If those answers are still missing for the current target type, the branch is not done.

Refinement vs Derivation Boundary

Refinement should continue only while a branch remains part of the current tree's original core question.

Use the shared derivation rules in ../design-tree-core/REFERENCE.md as the source of truth.

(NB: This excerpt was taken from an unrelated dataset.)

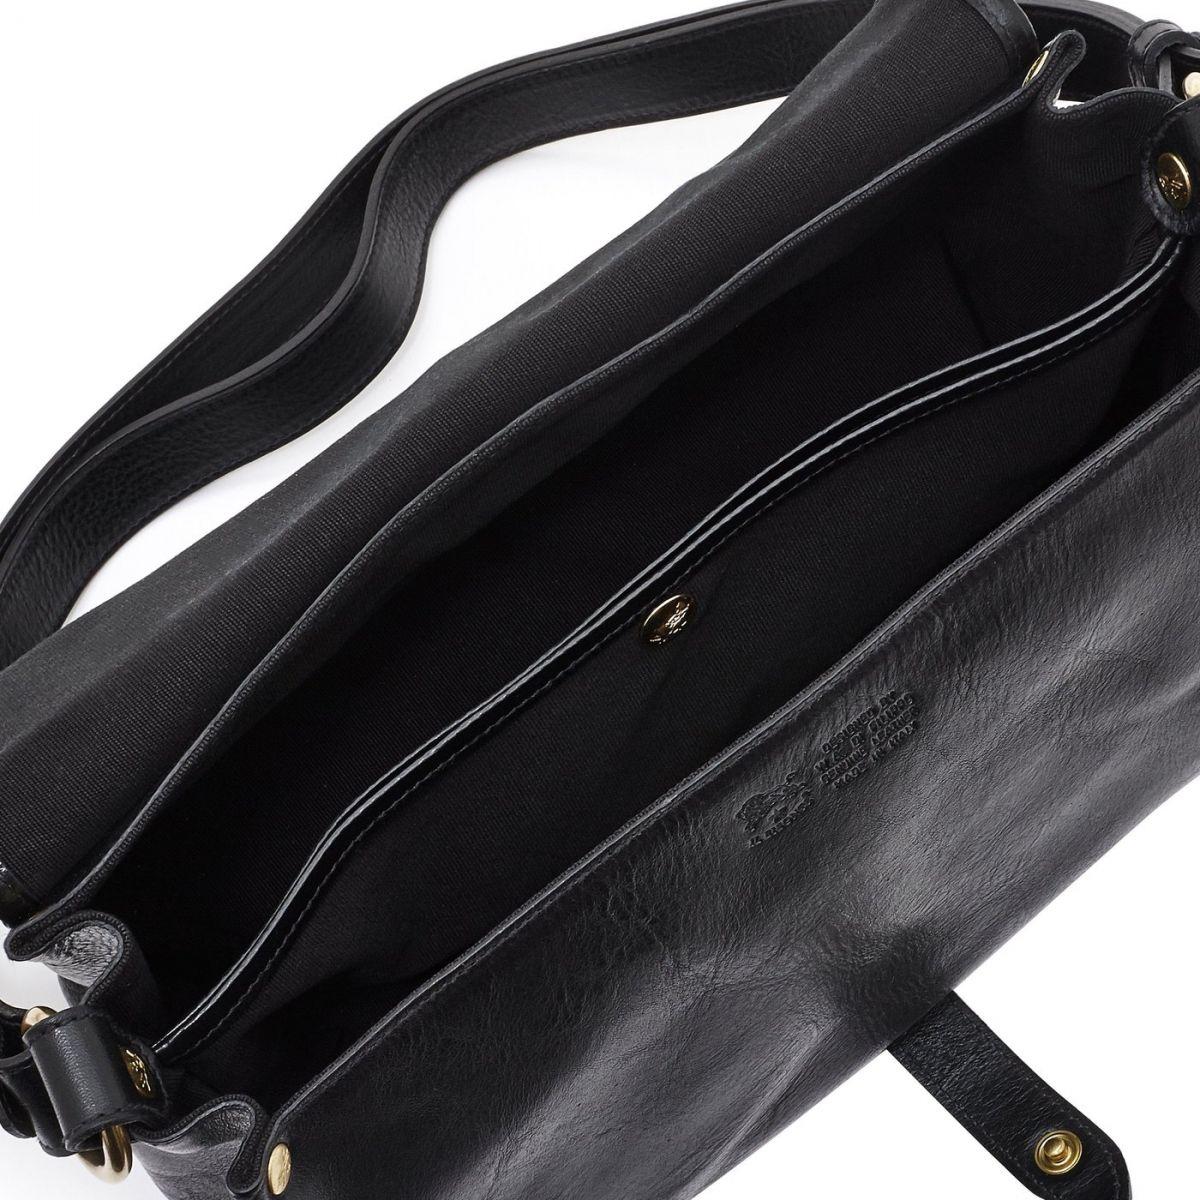 Women's Shoulder Bag in Cowhide Double Leather BSH034 color Black | Details

Stop refining inline when a branch begins to show all of the following:

  • it is answering a second distinct core question
  • it requires repeated local routing decisions of its own
  • it needs its own scope boundary
  • it needs its own completion check
  • continuing inline refinement would make the parent tree harder to route

When those conditions appear:

  • do not keep expanding the branch inline
  • surface the branch as a candidate for derivation
  • hand back to design-orchestrator or design-structure for explicit derived-tree creation

Core Responsibilities

Your responsibilities are:

  1. Walk unresolved design branches one at a time.
  2. Prioritize high-risk, high-dependency, or high-ambiguity branches first.
  3. Expand branches into concrete sub-branches and leaf nodes using the current design_target_type.
  4. Surface hidden assumptions and edge cases.
  5. Add failure-path and validation detail where missing.
  6. Explicitly mark newly discovered decision nodes instead of pretending they are settled.
  7. Resolve [RESEARCH] nodes by performing deep validation of external dependencies (API compatibility, version constraints, integration patterns, error handling, rate limits). Replace [RESEARCH] with when validated, when rejected, or [DECISION] if alternatives need evaluation. If validation cannot be completed in the current context, document what was learned and retain [RESEARCH].

Expected Outputs

Produce or update a design_state that includes:

  • design_target_type
  • refined design_tree branches
  • updated open_branches
  • confirmed_assumptions
  • risks
  • validation
  • updated external_dependencies if any [RESEARCH] nodes were resolved
  • new decision_nodes if discovered

Diagram Conventions

Use character diagrams inside code blocks (no language tag) to visualize component interactions, failure paths, and state transitions.

Sequence Diagrams

Use when a leaf node describes "how it interacts with adjacent parts" and involves 3+ components.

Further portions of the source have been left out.